所以你的 get_test_dataset()
函数不应该关心 get_train_dataset()
函数数据集生成过程。
关于低测试性能:
您使用重复随机组合相同数据的样本来训练和验证您的模型:
train_data = train_data_all.take(train_size)
val_data = train_data_all.skip(train_size)
因此您可能会有相同的样本,因此您的验证不会导致对模型准确性的真正测量。
相反,该模型从未见过测试集的样本,因此对该集的预测是对性能的可靠衡量。
我使用了教程中的这段代码:
def get_train_dataset(file_path, **kwargs):
dataset = tf.data.experimental.make_csv_dataset(
file_path,
batch_size=10, # Artificially small to make examples easier to show.
label_name=LABEL_COLUMN,
na_value="?",
num_epochs=1,
ignore_errors=True,
select_columns= CSV_COLUMNS,
**kwargs)
return dataset
然后我创建了训练集:
raw_train_data = get_train_dataset(train_file_path)
训练模型。
问题是如何获取用于编码新文本的训练数据的编码器?
我加载了新数据,但这并没有使用与训练数据相同的编码器:
raw_test_data = get_test_dataset(new_data_file_path)
使用tf.data.experimental.make_csv_dataset时如何获取原码?
编辑:
train_file_path = "./train.csv"
test_file_path = "./test.csv"
LABEL_COLUMN = 'target'
CSV_COLUMNS = ['text', 'target']
def get_train_dataset(file_path, **kwargs):
dataset = tf.data.experimental.make_csv_dataset(
file_path,
batch_size=10, # Artificially small to make examples easier to show.
label_name=LABEL_COLUMN,
na_value="?",
num_epochs=1,
ignore_errors=True,
select_columns= CSV_COLUMNS,
**kwargs)
return dataset
def get_test_dataset(file_path, **kwargs):
dataset = tf.data.experimental.make_csv_dataset(
file_path,
batch_size=10, # Artificially small to make examples easier to show.
na_value="?",
num_epochs=1,
ignore_errors=True,
**kwargs)
return dataset
sample_submission = pd.read_csv("./sample_submission.csv")

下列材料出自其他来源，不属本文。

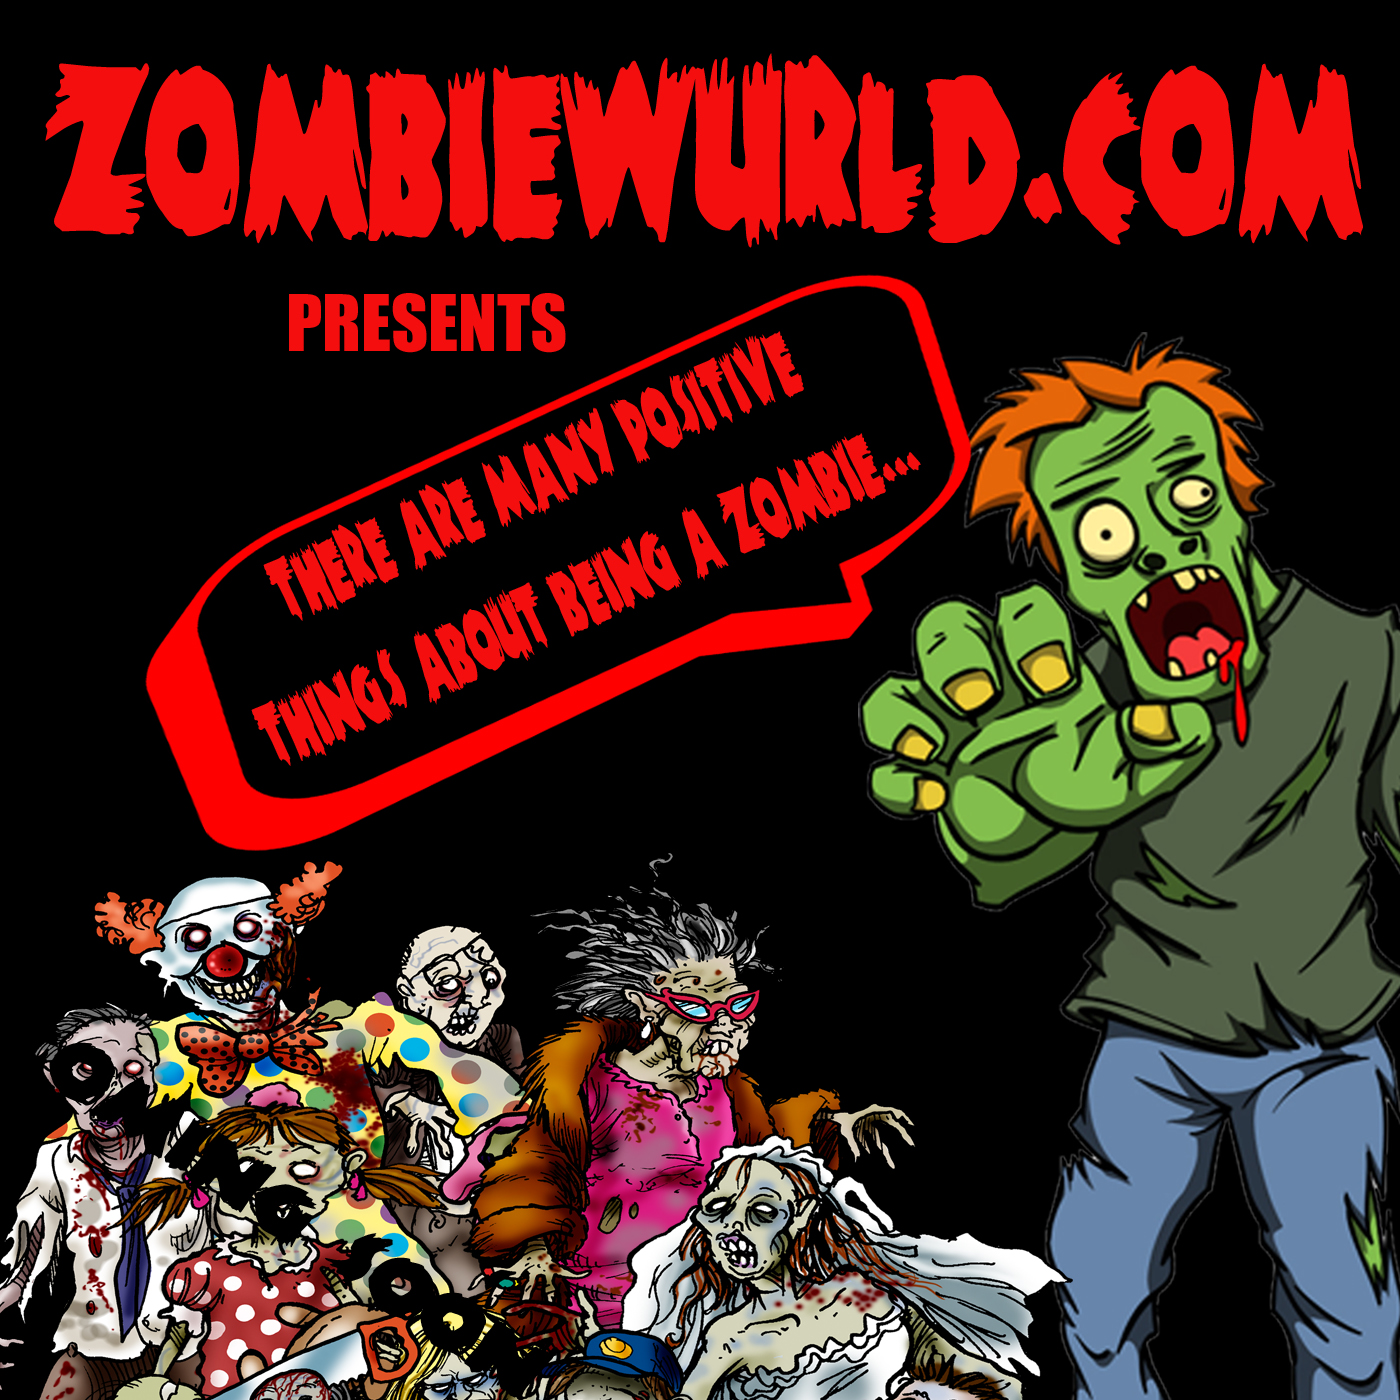 ZombieWurld

raw_train_data = get_train_dataset(train_file_path)
raw_test_data = get_test_dataset(test_file_path)
def extract_train_tensor(example, label):
print(example)
return example['text'], label
def extract_test_tensor(example):
print(example)
return example['text']
test_data = raw_test_data.map(lambda ex: extract_test_tensor(ex))
test_data_size = len(list(test_data))
print("test size: ", test_data_size)
train_data_all = raw_train_data.map(lambda ex, label: extract_train_tensor(ex, label))
train_data_all = train_data_all.shuffle(10000)
print(train_data_all)
train_data_size = len(list(train_data_all))
print("train size: ", train_data_size)
train_size = int(0.7 * train_data_size)
val_size = int(0.3 * train_data_size)
train_data = train_data_all.take(train_size)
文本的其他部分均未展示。